Но то на каникулы. Во время же учебы бабушка меня забрать с собой, естественно, не могла, и я был несказанно рад этому. Воля! Полная воля. На питание оставляла из расчета семи рублей в день, что равнялось стоимости почти четырех буханок хлеба, и – немного продуктов. Деньги, естественно, уходили сразу – на мороженое, на газированную воду с сиропом (двойным… Роскошествовал!), на игру, этакое дворовое самодеятельное казино, в котором мне никогда не везло, и тогда я садился на картошку. Трудно поверить, но картошка – жареная картошка – получалась у меня лучше, чем у бабушки. Или это мне казалось так, поскольку сам готовил?

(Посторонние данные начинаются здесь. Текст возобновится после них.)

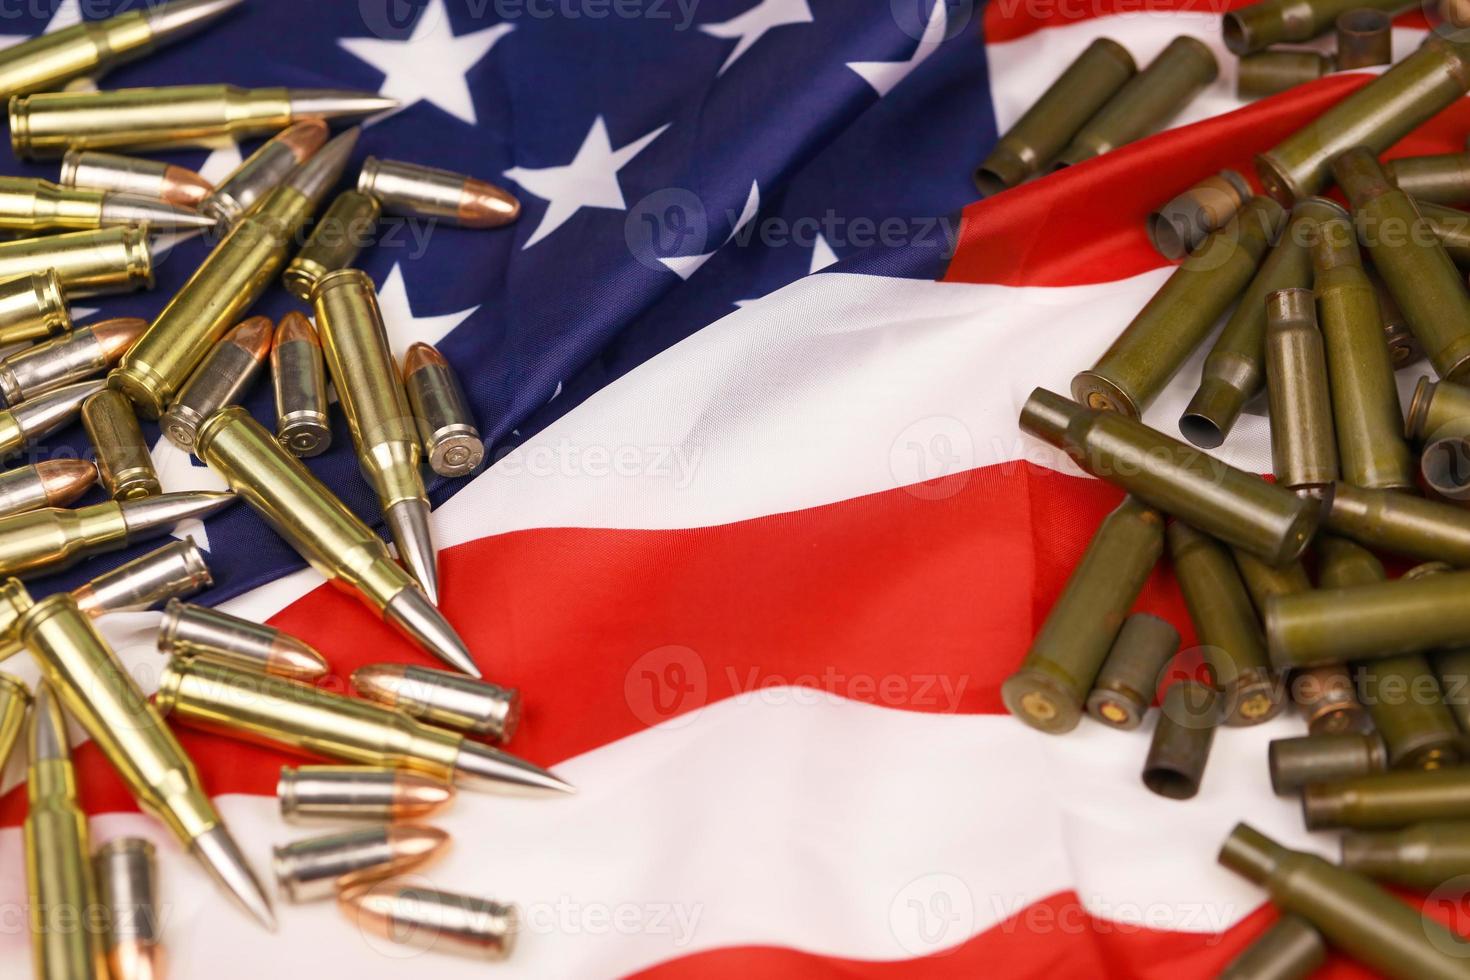 många gul 9mm och 5,56 mm kulor och patroner på förenad stater flagga. begrepp av pistol trafficking på USA territorium eller skytte räckvidd foto

Чистил медленно, но очень аккуратно, стараясь потоньше срезать кожуру: клубней в тазу под кухонным столом оставалось не так уж много. Затем тщательно мыл в двух водах, нарезал тонкими ломтиками и жменями вываливал их на раскаленную сковородку. Картошка звонко шипела. Сглатывая слюну, осторожно помешивал румянящиеся дольки. По примеру бабушки накрывал сковороду крышкой: меньше масла уходило.

Но вот все готово, я медлю в предвкушении вкусной еды, режу ноздреватый хлеб, и в этот момент – бесцеремонный стук в дверь, днем обычно не запиравшуюся. Не успеваю ответить, как на пороге возникают двое: горбатый Ратмир и хромой Алеша.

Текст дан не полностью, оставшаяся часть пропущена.